## [TASK OBJECTIVE]
Below is a listing; retype exactly the lines between the one containing "A Ghost Story, 2017" and the one containing "Garage Gym Guys", inclusive, minus the pictures.

## [LISTED RECORDS]
((
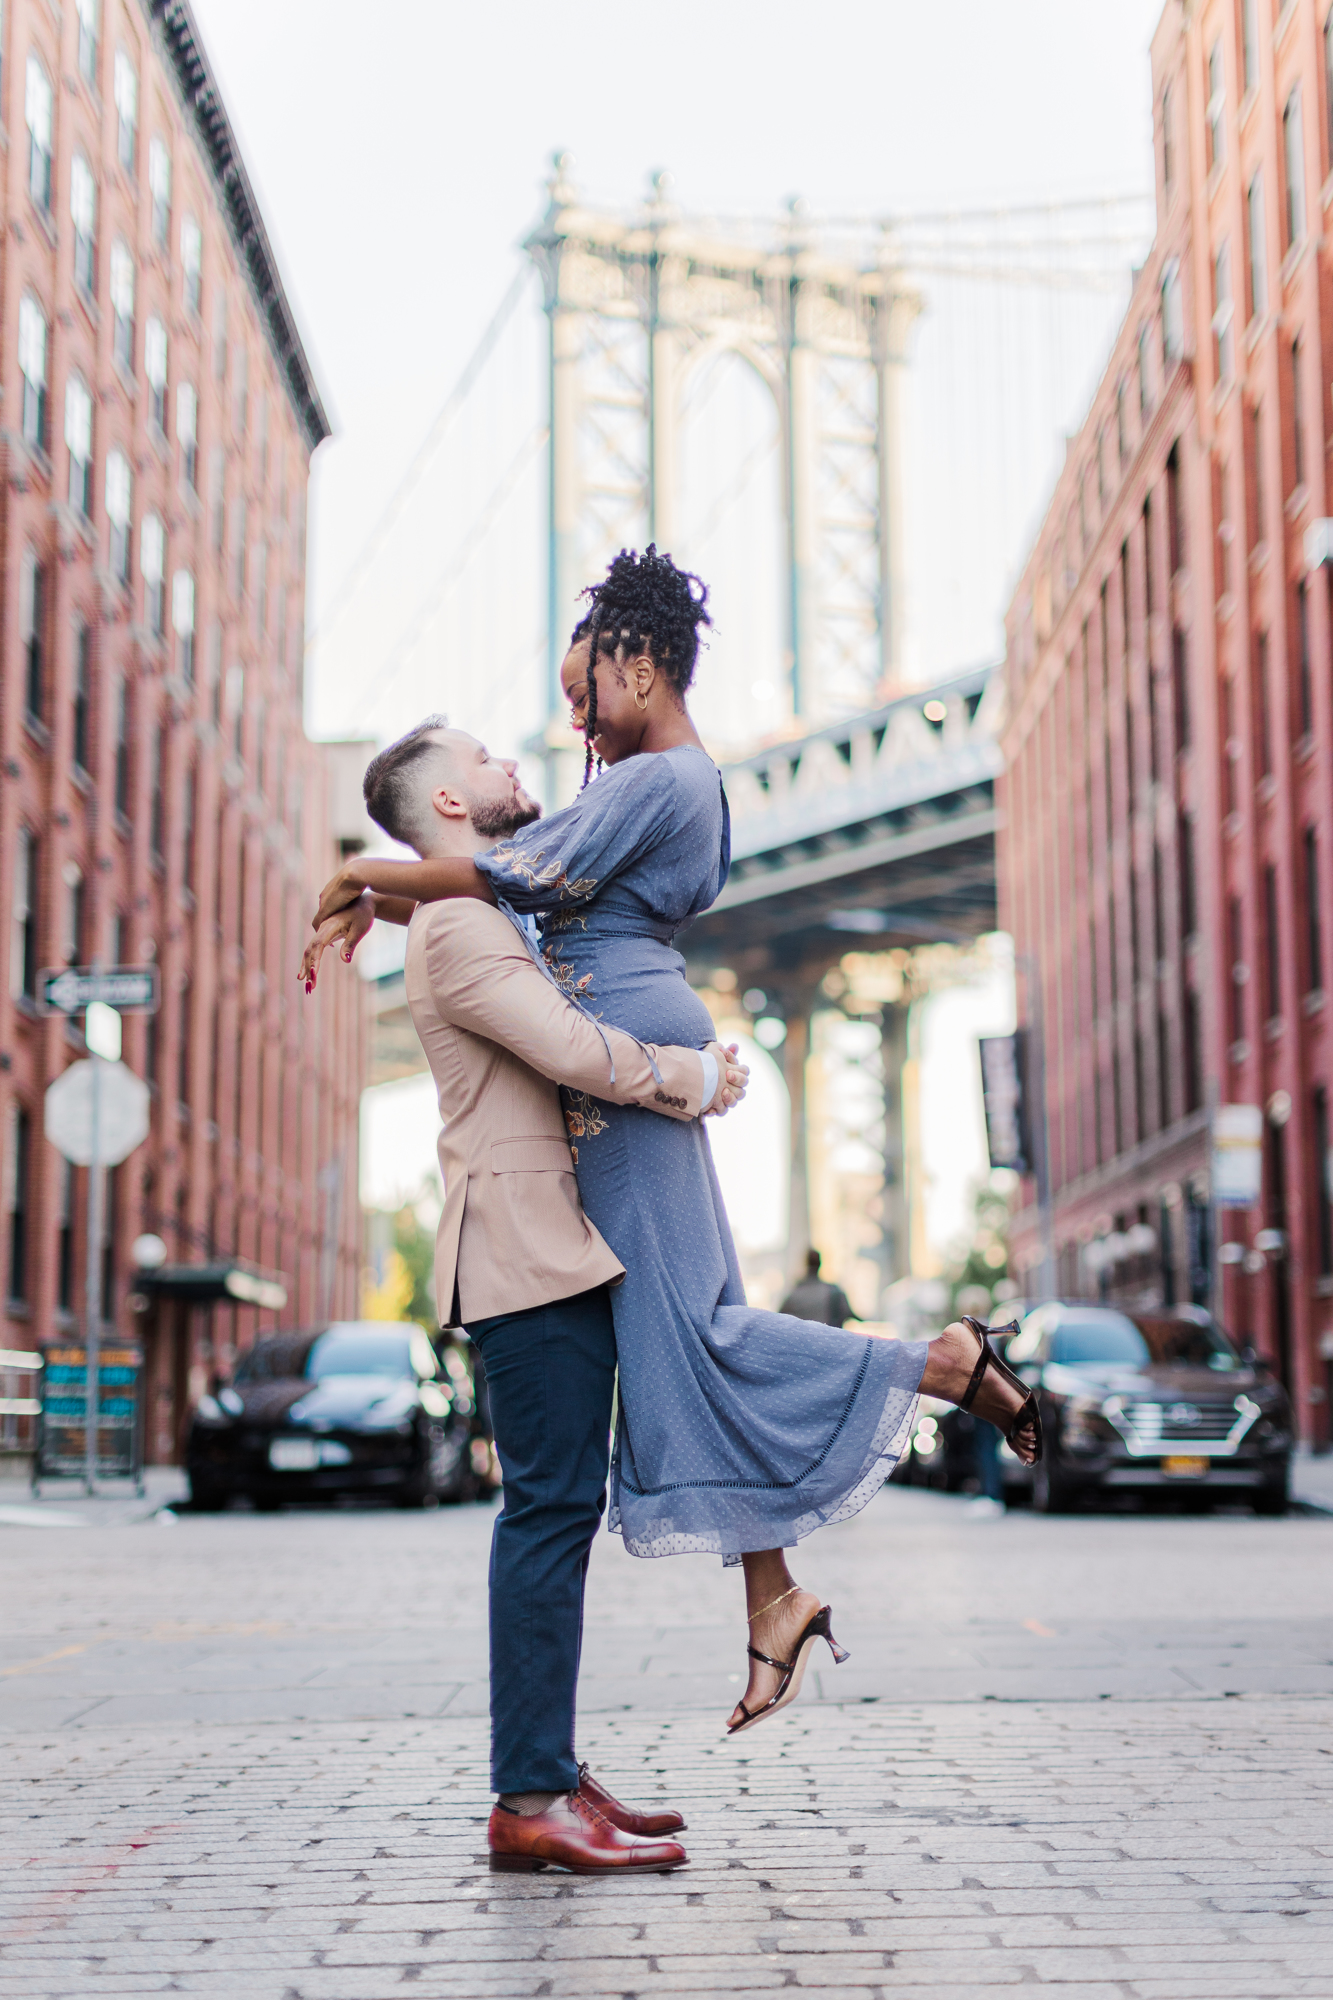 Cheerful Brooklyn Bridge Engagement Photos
))
((
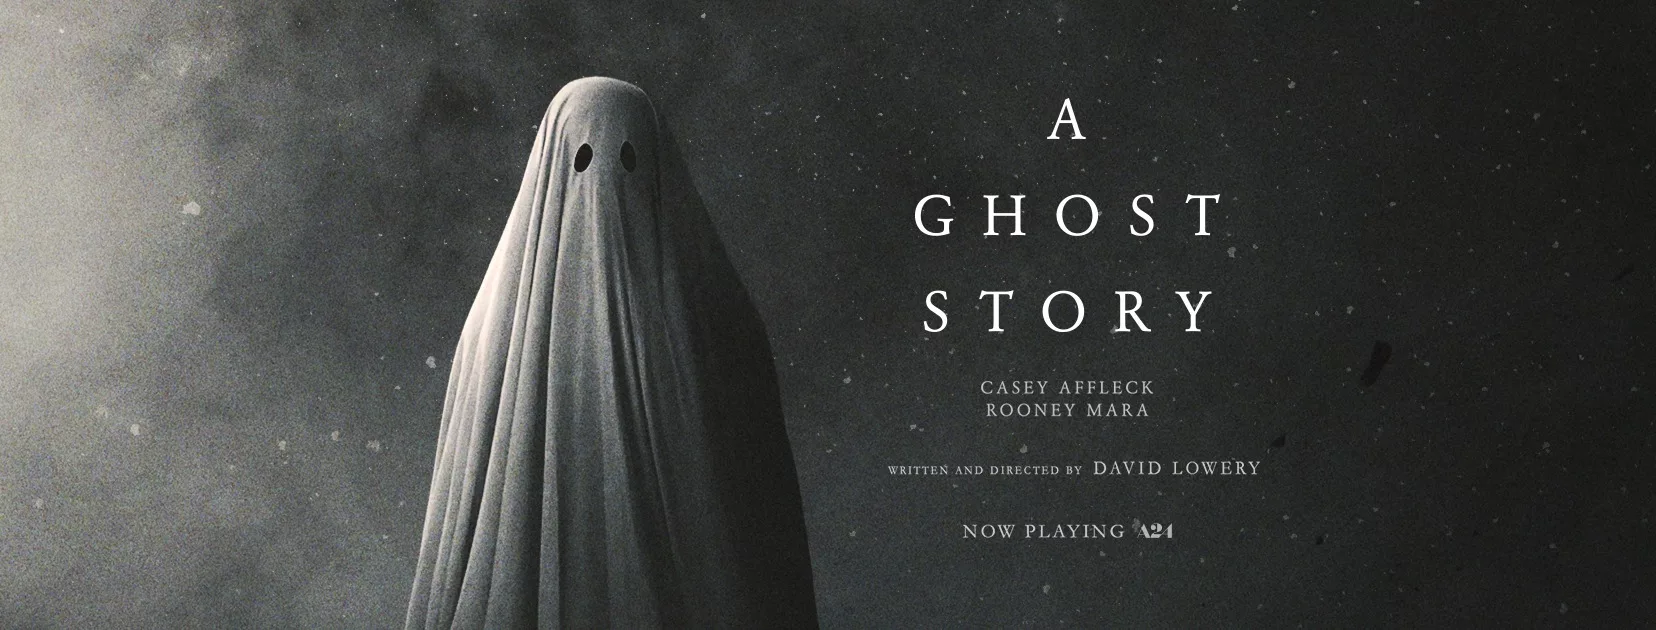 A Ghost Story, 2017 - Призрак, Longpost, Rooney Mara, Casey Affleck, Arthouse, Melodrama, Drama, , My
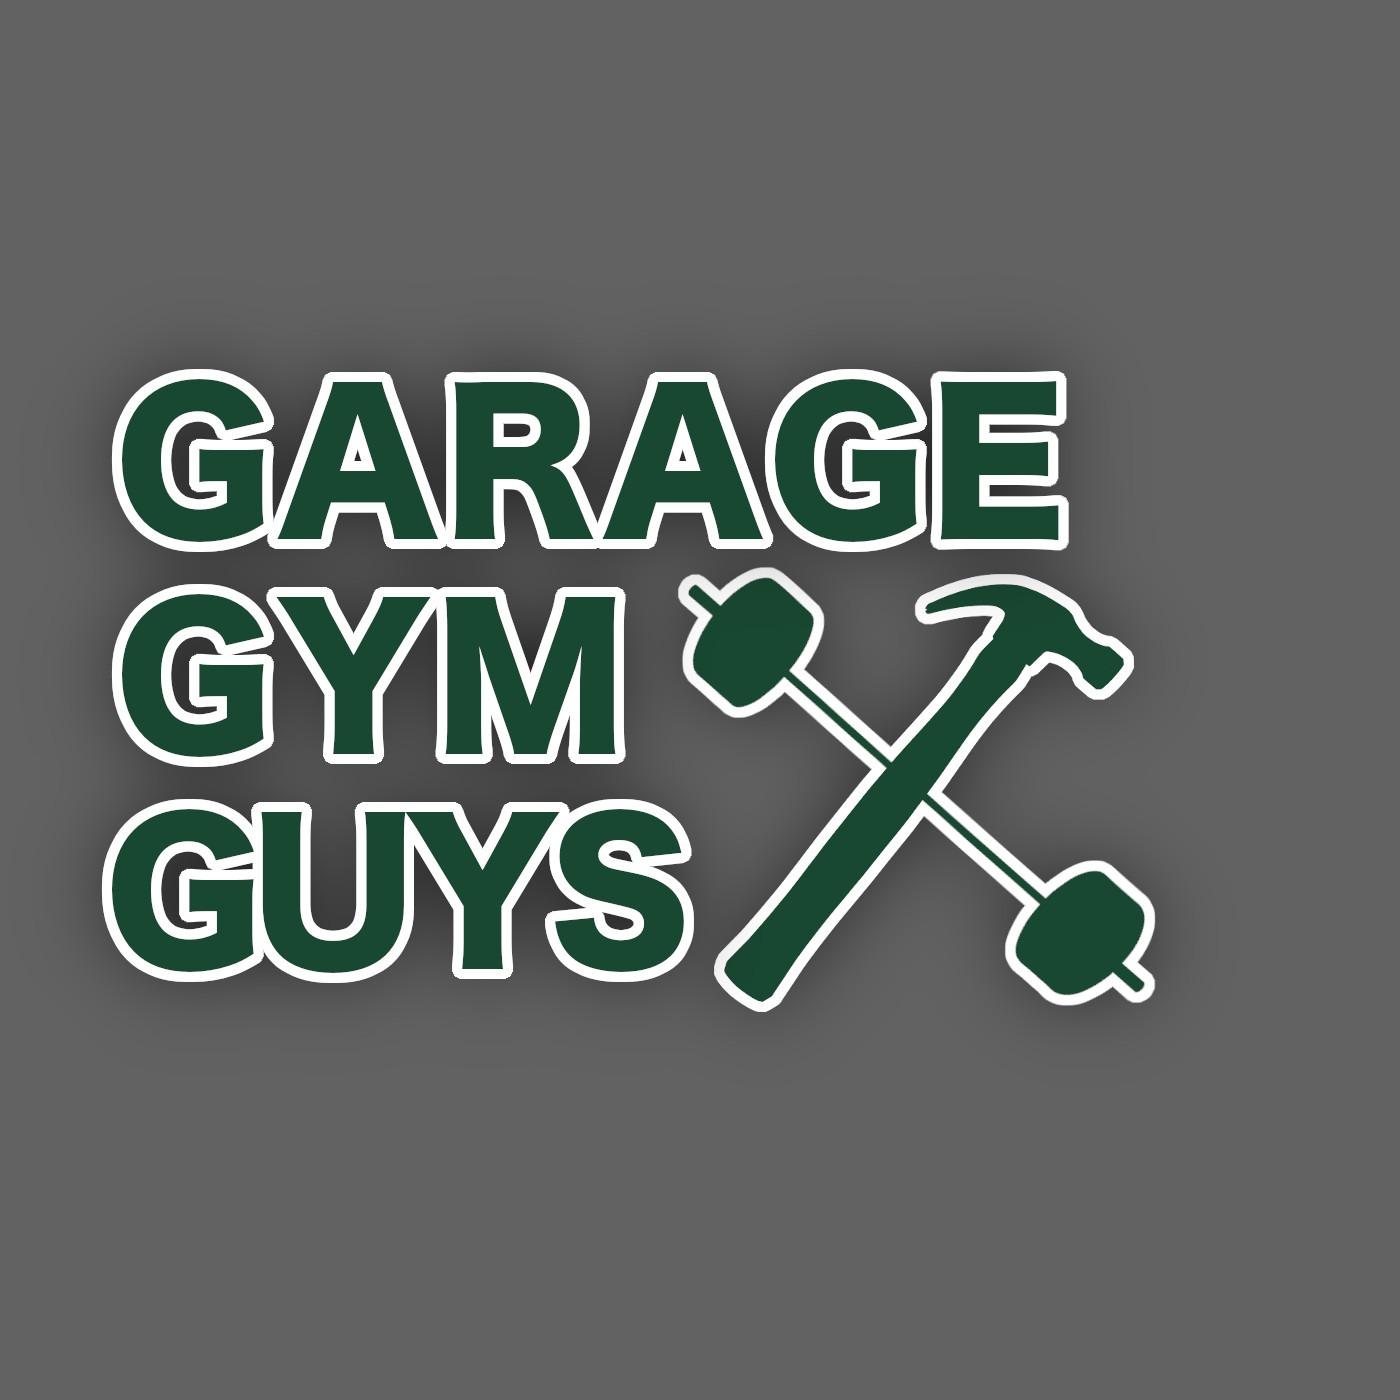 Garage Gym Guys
))
## [ANSWER BOX]
 A Ghost Story, 2017 - Призрак, Longpost, Rooney Mara, Casey Affleck, Arthouse, Melodrama, Drama, , My
 Garage Gym Guys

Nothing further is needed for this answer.